I'm really not worried about Barbie hurting her, I'm worried about Barbie getting her pushy/spoiled little butt kicked by Darla. I don't know that Darla has ever been around dogs, and I don't know how well ferals adjust to that sort of thing.


----------



## Feral Fan (Feb 9, 2005)

Glad to hear that Darla's kittens are off to their new home, hopefully they are settling in well!

Darla is such a cutie and I'm happy to hear she can find a good home with you!

Probably the sooner you can get her home and settled (spayed as well would be good) then the sooner she will settle down. I think that given some time and patience she will fit in with your other animals and be a wonderful little pet. 

I would start Darla in a nice closed room (maybe for a week, maybe a couple days, maybe two weeks, you'll know when she is ready for the next step). If she has a nice small safe space to settle down in then the rest will be easier. It might seem kind of cruel to put her in a small space but it will actually make her feel safe, a big space with lots of scary smells right away can start you off on the wrong foot. The starter room can be a bedroom or even a bathroom. A litterbox, food and water, scratching post and a nice little hiding spot (a box or carrier covered in a blanket works well) will make her nice and happy in one room. The closed door will also allow her to "meet" the dogs through smell (and visa versa) and they will learn that the new smell is not hurting them. My thought is that if you end up moving pretty soon (within the month maybe?) then she would be ok in the starter room for that length of time and you can start her in another room when you move and introduce her from there (but I think you said it would probably be a lot longer?). It depends how quickly she seems to settle down as to how fast you move with letting her out and about. While she is in the room you can swap some bedding that smells like the dogs with her bedding getting them more used to the new smell.

After she is settled into a starter room then introducing her to the dogs through a baby gate is a GREAT idea!!! Maybe do so one at a time, and start with the dog who is the calmest or easiest to introduce to. Then you can see her reaction. Don't force the introduction, let them investigate for themselves. DO make sure to be close at hand keeping a careful watch at all times. If you think the dog might leap the gate (or is able to) you can also use a leash.

Ferals usually adapt fairly well to animals but you never know if she has had a bad experience with a dog so moving slowly will be good. She will probably have a harder time adjusting to living in a house. Another reason to keep her in a smaller room is that it might scare her quite a bit, but she will calm down and while she does you can keep track of her. Ferals just kinda need to learn about living in houses.
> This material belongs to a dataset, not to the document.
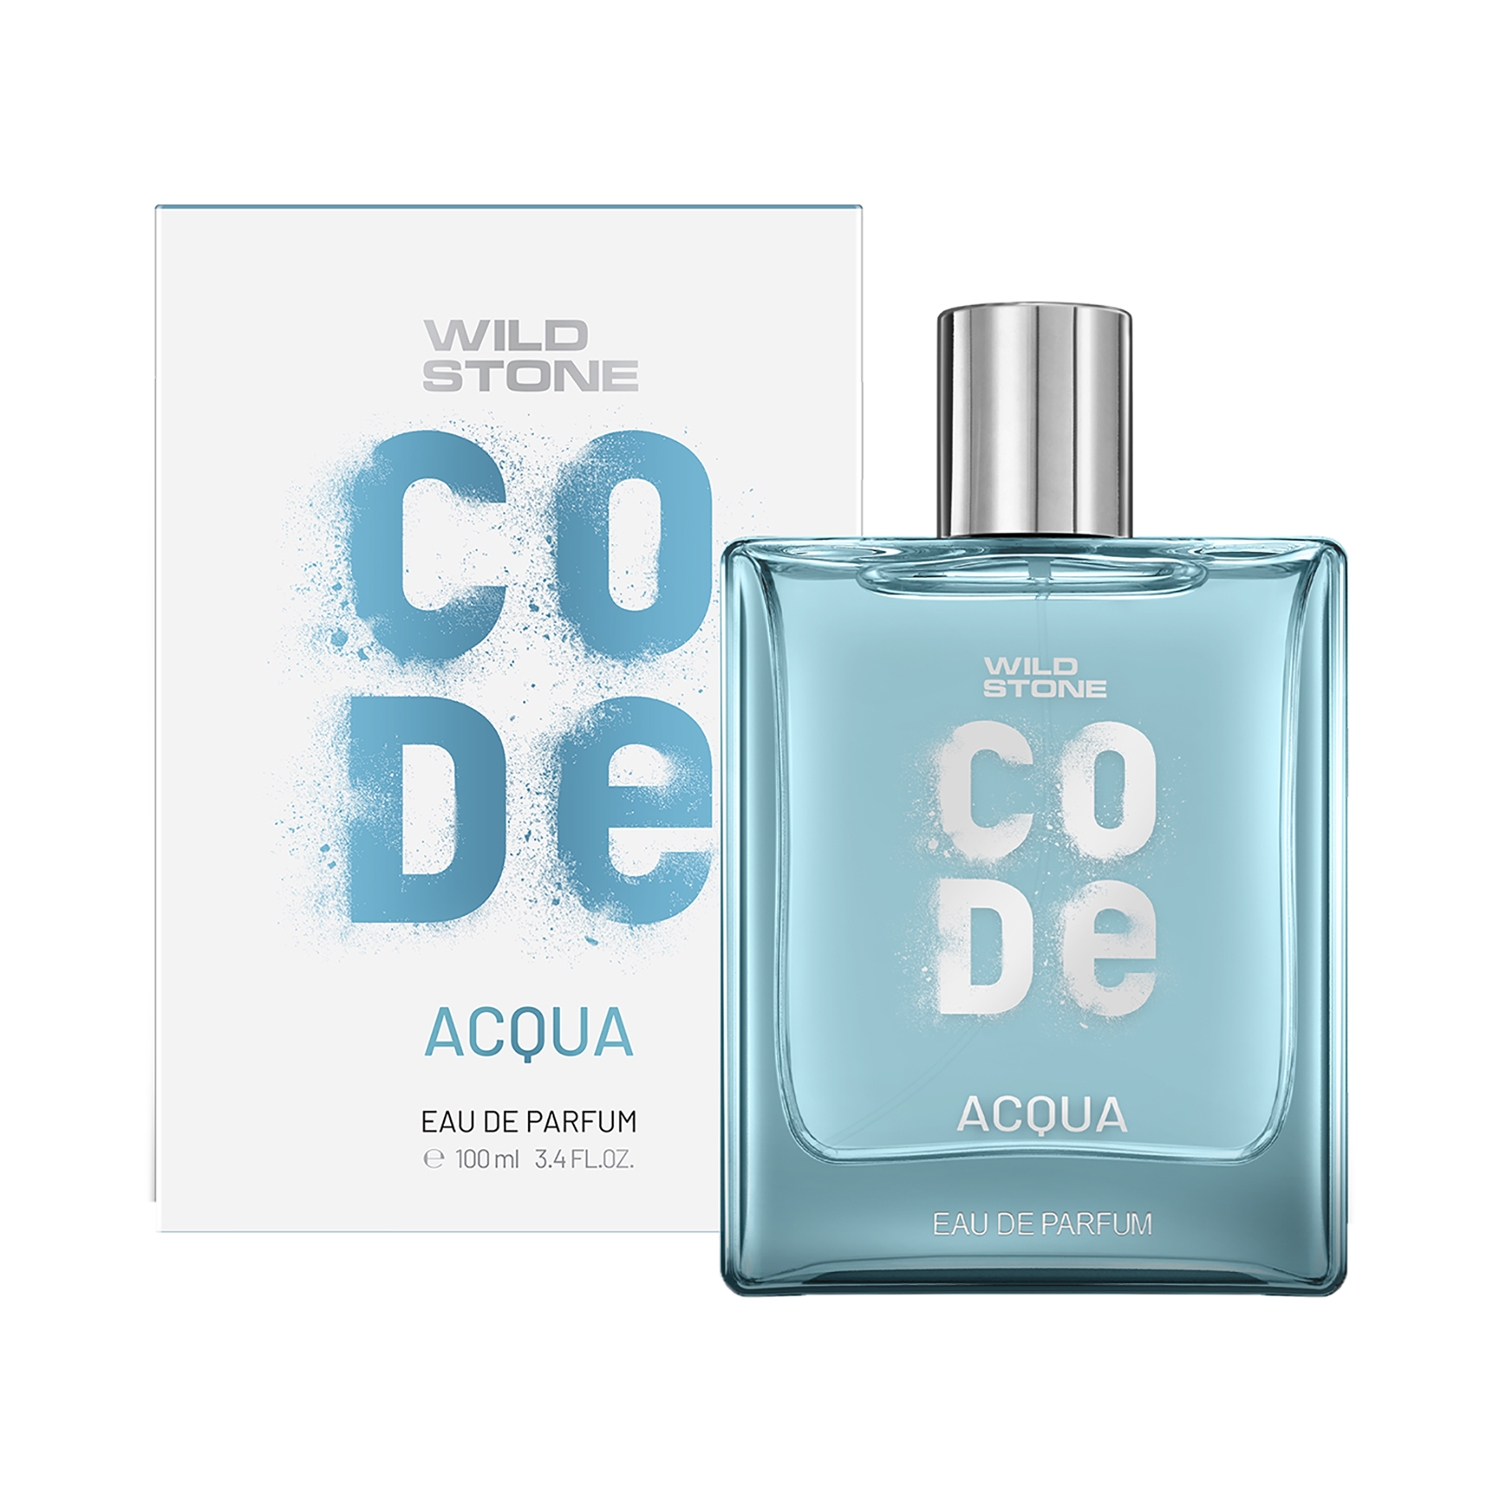 Wild Stone Code Acqua Eau De Parfum (100ml)

I would urge you to think about keeping her as an indoor cat. I know that she is used to going outside right now but she would adapt to being indoors. My three are all feral (or were until recently) and have adjusted very well to being indoors only. In fact they don't rush the door or show any signs of wanting to ever go out again. There are many, MANY dangers to cats that go outside. I won't go into them because there are a lot of topics on this forum that go into a lot of details. It is a debate here on occasion and you will find members on either side so I will let you look at those posts for yourself. I tjust hought that I would mention that a feral cat can lead a happy and healthy, long life indoors while there are various dangers outside.

Best of luck in this new adventure! Getting a new pet is very exciting I hope it goes well for you! You will have to post lots of pictures of this little cutie!!!


----------



## Nell (Apr 7, 2005)

Any updates on Darla? I would love to know how things worked out.


----------